Biological/life sciences is one of those fields where possibilities are now opening as XRF technology progresses. A great example that comes to mind for both professional and personal reasons is the study of neurodegenerative diseases. Many such diseases, such as Parkinson’s, Alzheimer’s, and amyotrophic lateral sclerosis (ALS), exhibit an imbalance in metal ions such as Cu, Fe, and Zn in the human body. While healthy cells maintain “metal homeostasis”, individuals with these neurodegenerative diseases cannot properly regulate, which leads to toxic reactive oxygen species. For example, reduced Fe and Cu levels can catalyze the production of hydroxyl radicals which lead to damaged DNA and cell death. Imaging the distribution of biological metals in non-homogenized tissue samples is critical in understanding the role of these metals, and hopefully finding a cure. The common language between the people who studied physics versus the people who studied brain diseases? Trace metal distribution!

A few years ago, I had the opportunity to analyze a few slices of diseased human tissue in the EDAX Orbis micro-XRF (Figure 1 and 2), working towards proving this concept. Although the results were not conclusive either way, it was still very interesting to be able to detect and see the distribution of trace Cu near the bottom edge of the tissue sample. XRF provided unique advantages to the analysis process, and provided the necessary elemental sensitivity while maintaining high spatial resolution. This potential has since been recognized by other life science applications, such as mapping nutrient intake in plant leaves or seed coatings.

Figure 1. Stitched montage video image of the diseased human tissue slice, with mapped area highlighted in red. Total sample width ~25 mm.

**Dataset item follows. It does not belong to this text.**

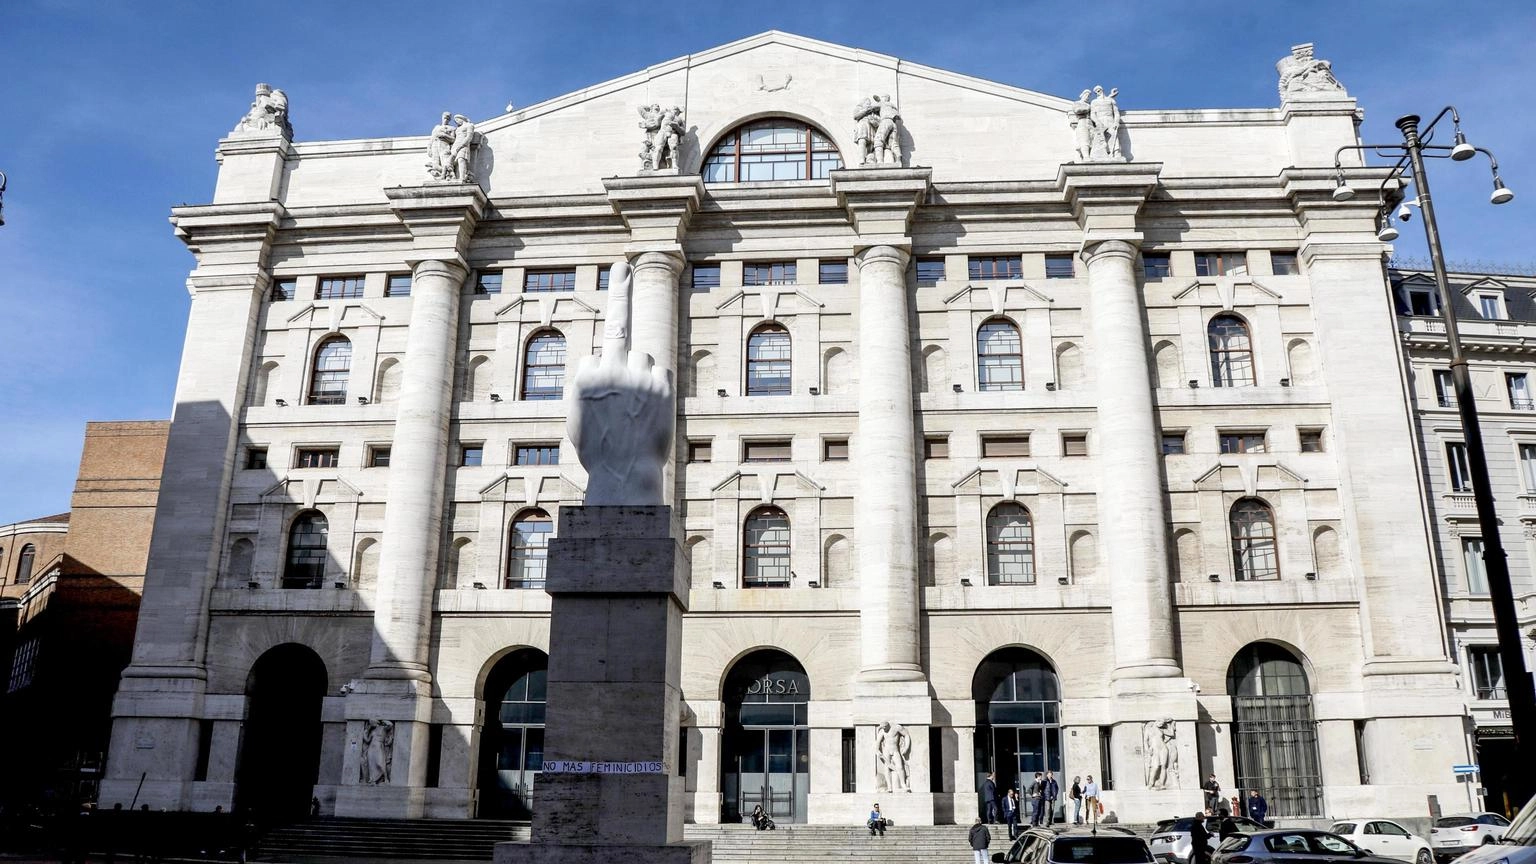 Borsa: Milano cede (-0,4%), giù Enel, Italgas ed Erg, corre Mps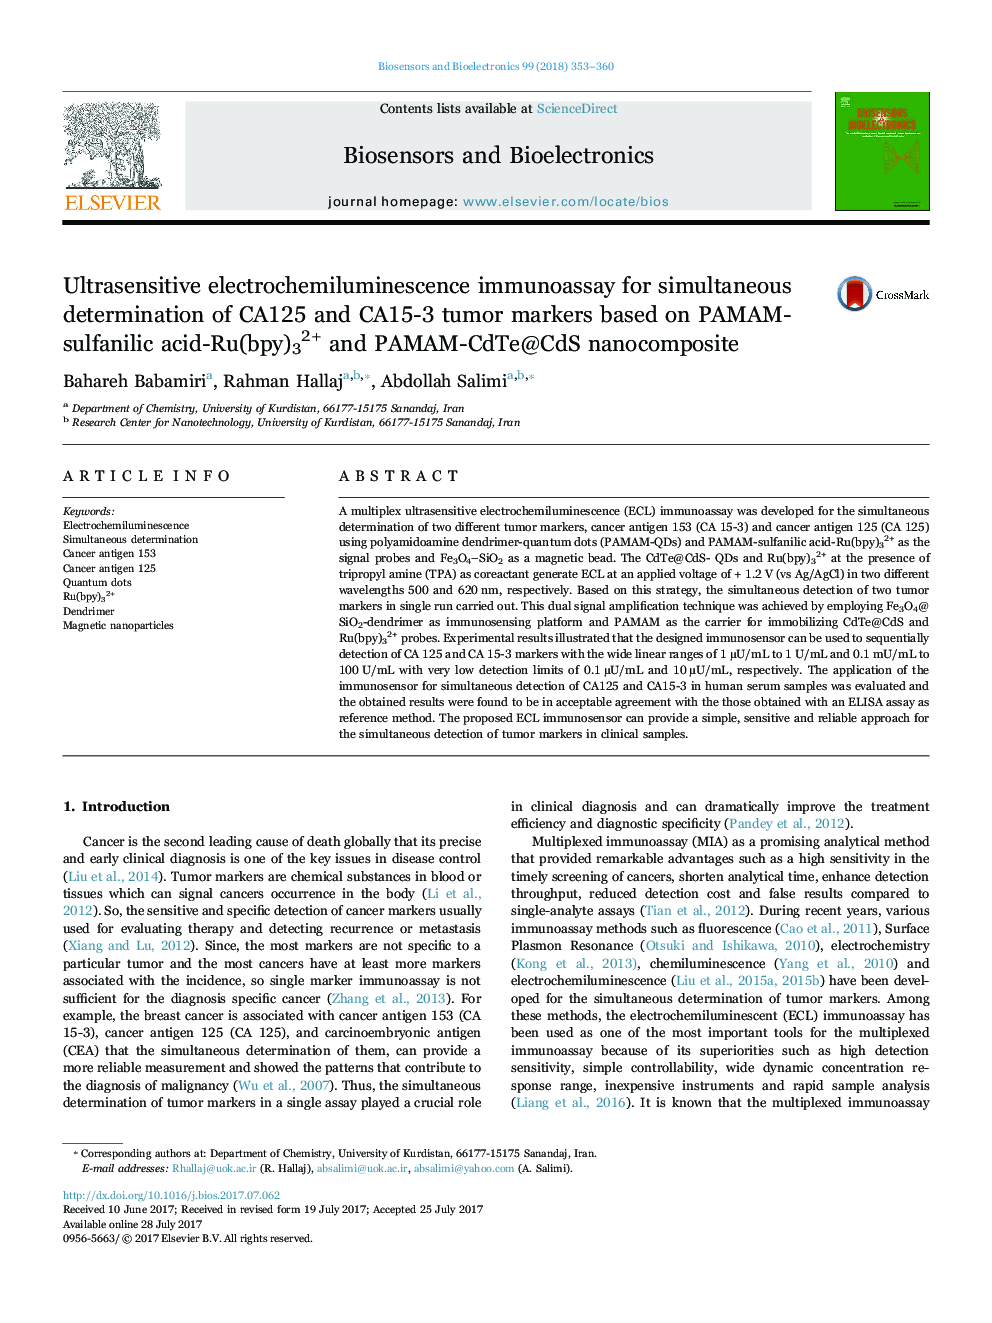 Ultrasensitive electrochemiluminescence immunoassay for simultaneous determination of CA125 and CA15-3 tumor markers based on PAMAM-sulfanilic acid-Ru(bpy)32+ and PAMAM-CdTe@CdS nanocomposite

Figure 2. Overlaid element maps: Potassium{K(K) in green} and Copper {Cu(K) in yellow} from mapped area in Figure 1, showing a clear area of higher Cu concentration. Total mapped width ~7.6 mm.

Sometimes, the application may not be obvious, or it may seem completely unrelated. But with a little digging, common ground can be found between the analysis goal and what the instrument can do. And if the technology continues to develop, there seems to be no limit to where XRF can be applied, whether it be outwards into space, or inwards into the human biology.